◆ Data below:
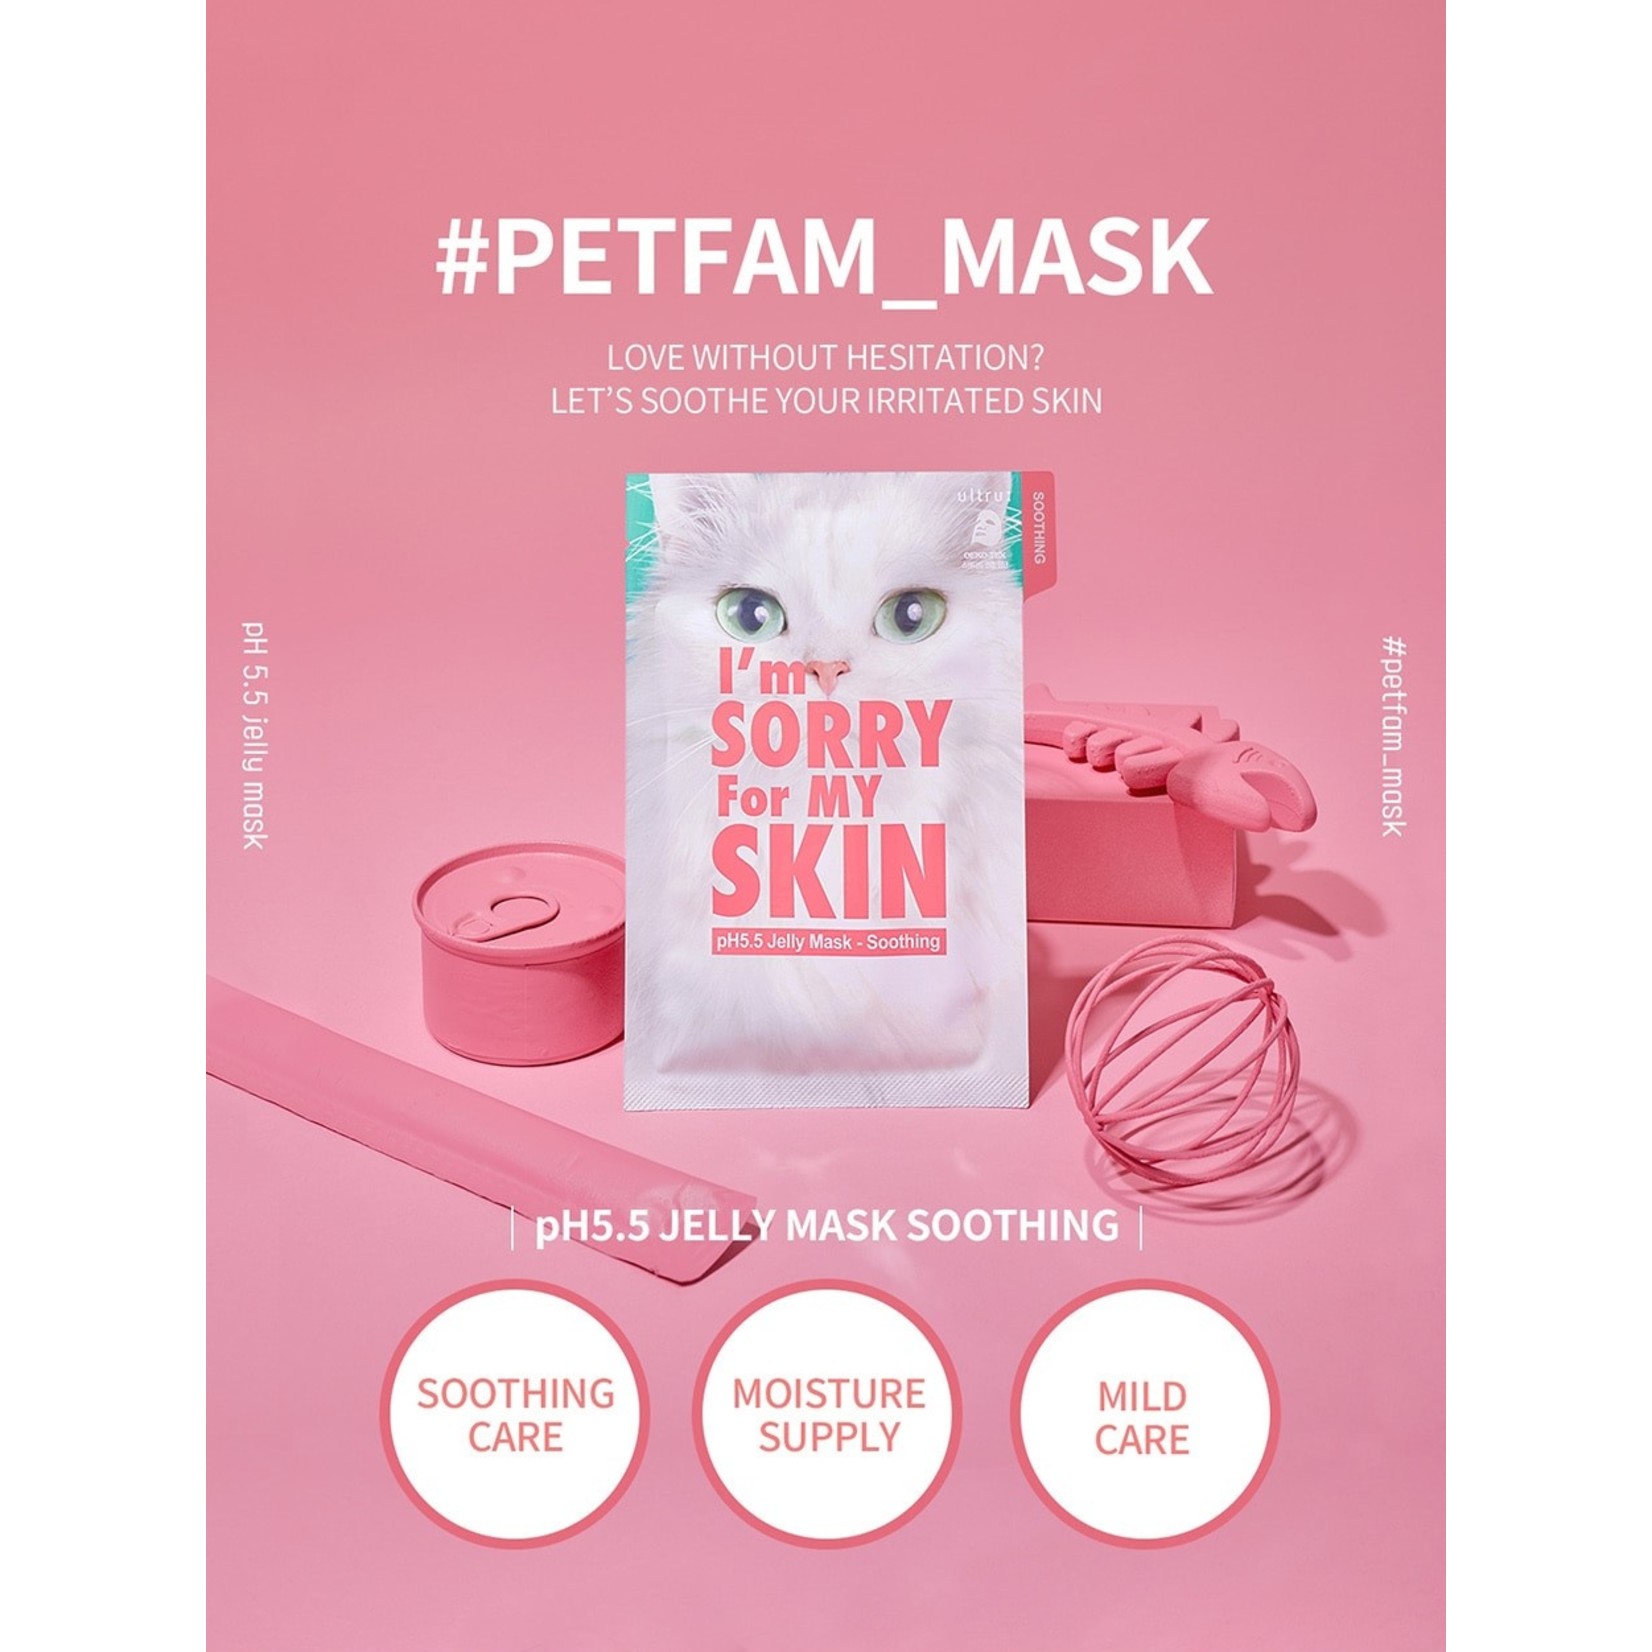 I'm SORRY For MY SKIN Jelly Sheet Mask Trial Mix (3+1 pcs)
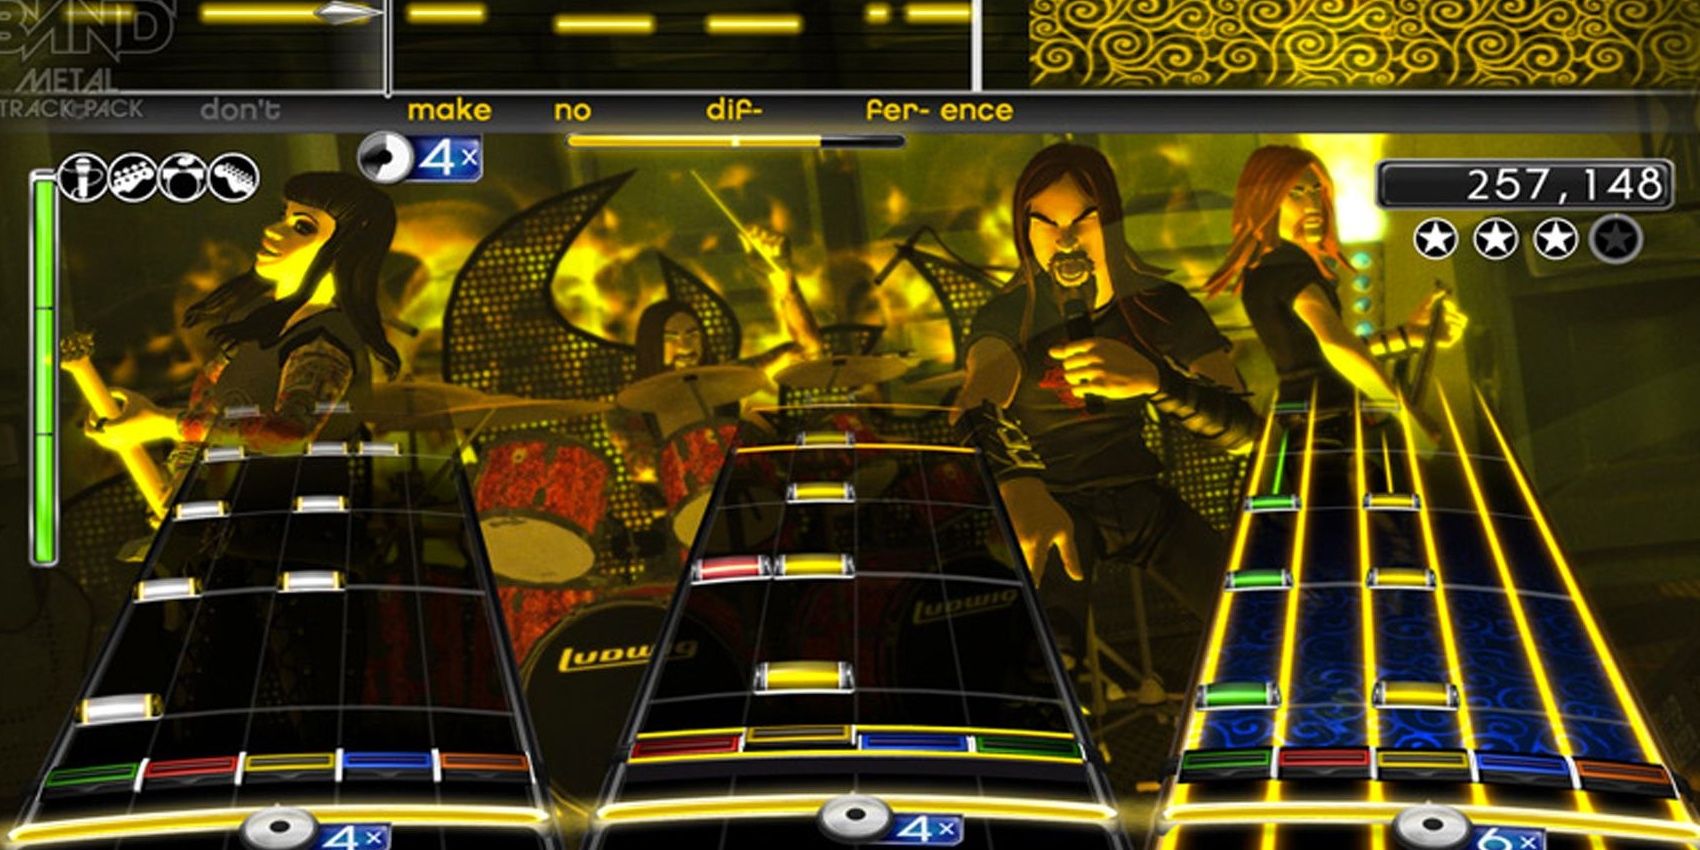 A promo screenshot of a three-way gameplay match in Rock Band 2
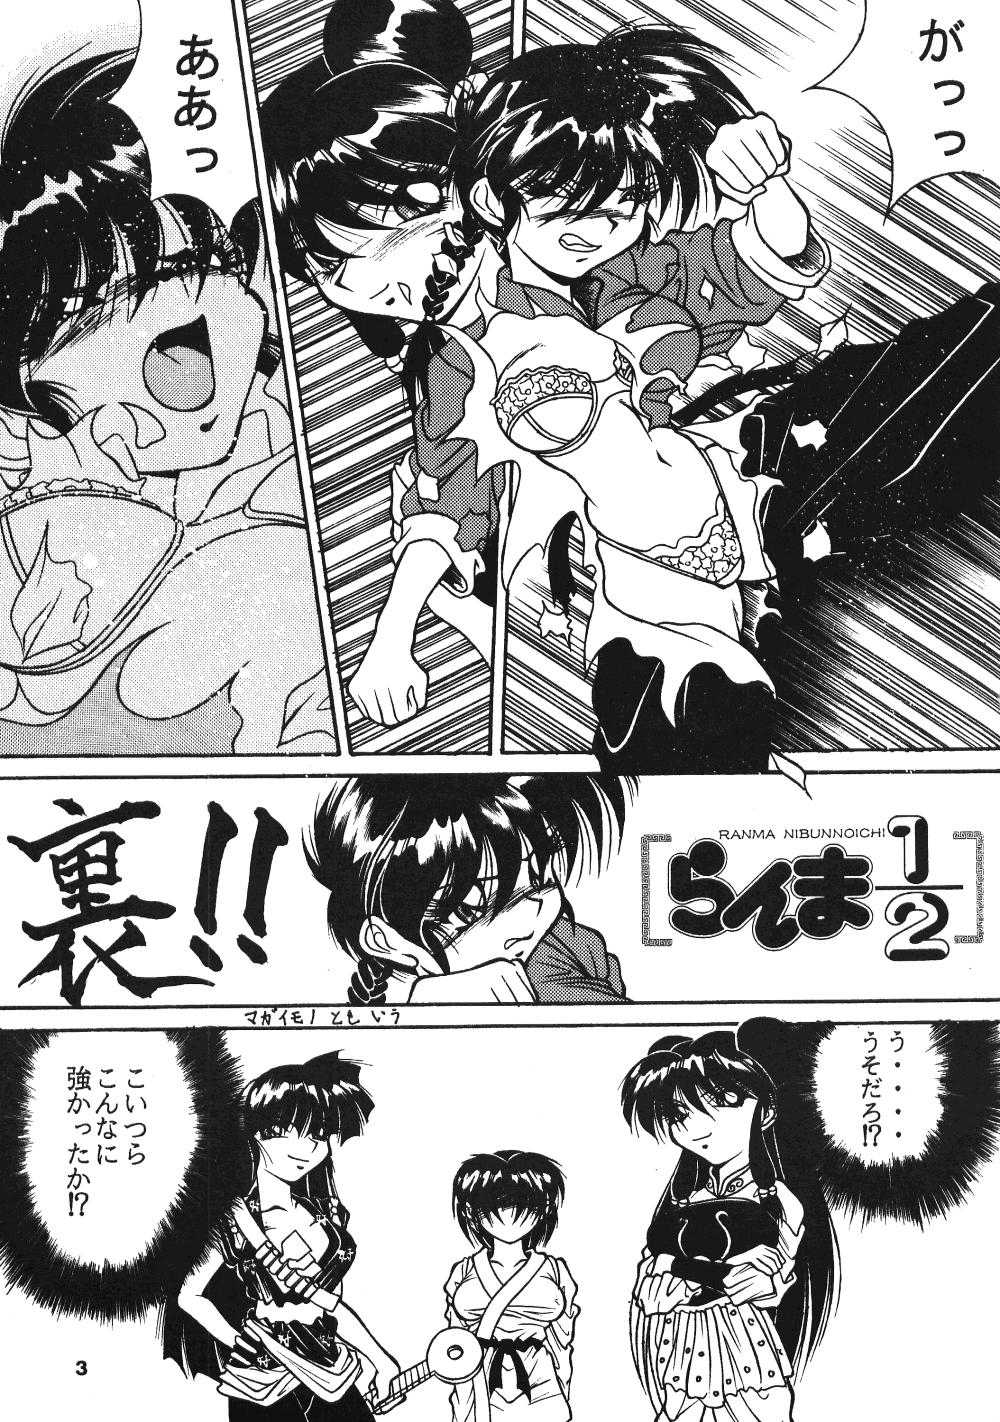 Sucking Dick Seinen Sunday - Street fighter Ranma 12 Ghost sweeper mikami Abuse - Page 2

◆ Task to complete:
Copy the listing exactly. Any image in it stays out of the copy.

◆ Task solution:
 I'm SORRY For MY SKIN Jelly Sheet Mask Trial Mix (3+1 pcs)
 A promo screenshot of a three-way gameplay match in Rock Band 2
 Sucking Dick Seinen Sunday - Street fighter Ranma 12 Ghost sweeper mikami Abuse - Page 2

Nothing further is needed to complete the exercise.